For
liminalliz, who requested Sark and gave me the prompt: 'The lady is a tramp.'
Sark and Peyton, post-finale. G. Sark learns from his mistakes.
She loves the free, fresh wind in her hair
Life without care
She's broke, but it's ok
- Richard Rogers/Lorenz Hart, 'The Lady Is A Tramp'
Slippage
"A scuttled ship drifting on blood money and petrodollars," Peyton observed, aloud but apparently to herself, when they first arrived on the job in Sheik-country.
Sark slipped the shades off his eyes and took in the lush green golf course in the middle of the blazing desert, the shimmer of blue reflected sky on window-glass, and then his companion. Unsettling, how much she was lately reminding him of Irina in one of her more judgmental phases.
Some people adjusted to freedom from CIA custody by getting into messy (and ill-advised, certainly, but pretty harmless on the whole) liaisons with co-workers. Others started thinking in terms like "the bigger picture" and "history will decide". It's those ones that you had to watch.

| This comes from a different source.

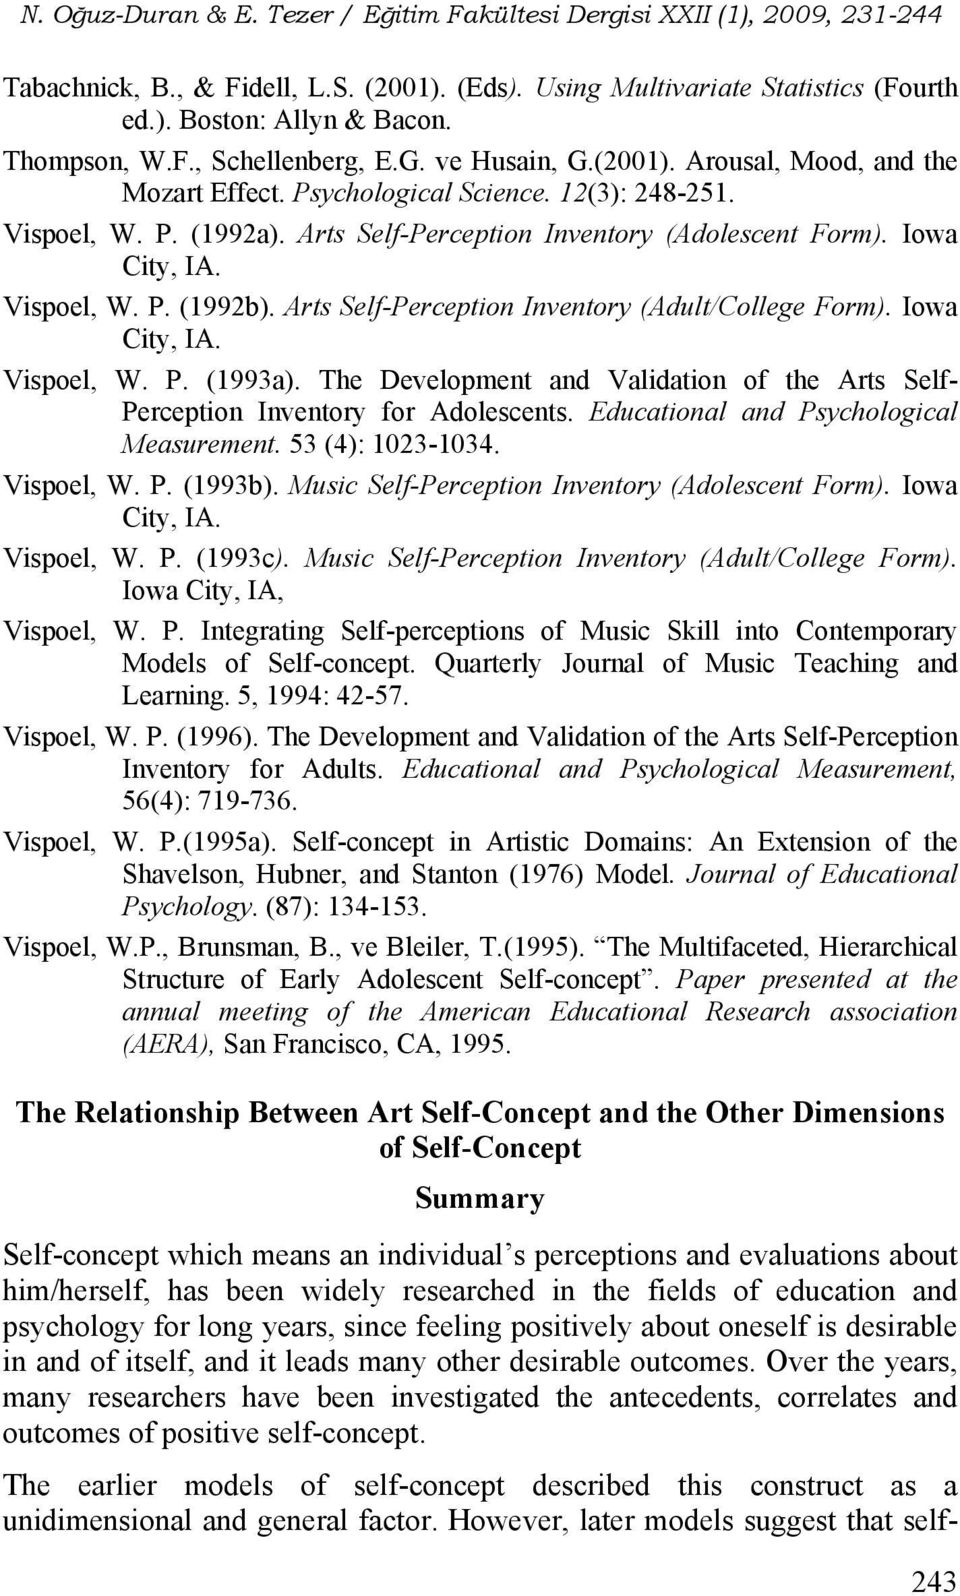 Arts Self-Perception Inventory (Adult/College Form). Iowa City, IA. Vispoel, W. P. (1993a). The Development and Validation of the Arts Self- Perception Inventory for Adolescents.

"Lucky for us," he muttered finally. "My Swiss account isn't at all choosey about where our funds comes from so long as it's liquid." Theirs had been such a convenient and mutually profitable partnership; it would be such a shame, he thought, if she started to develop ideals now.
Sark had always been good at reading the warning signs on faces, if not necessarily at paying heed to them.
But Peyton wasn't Irina, and that made all the difference.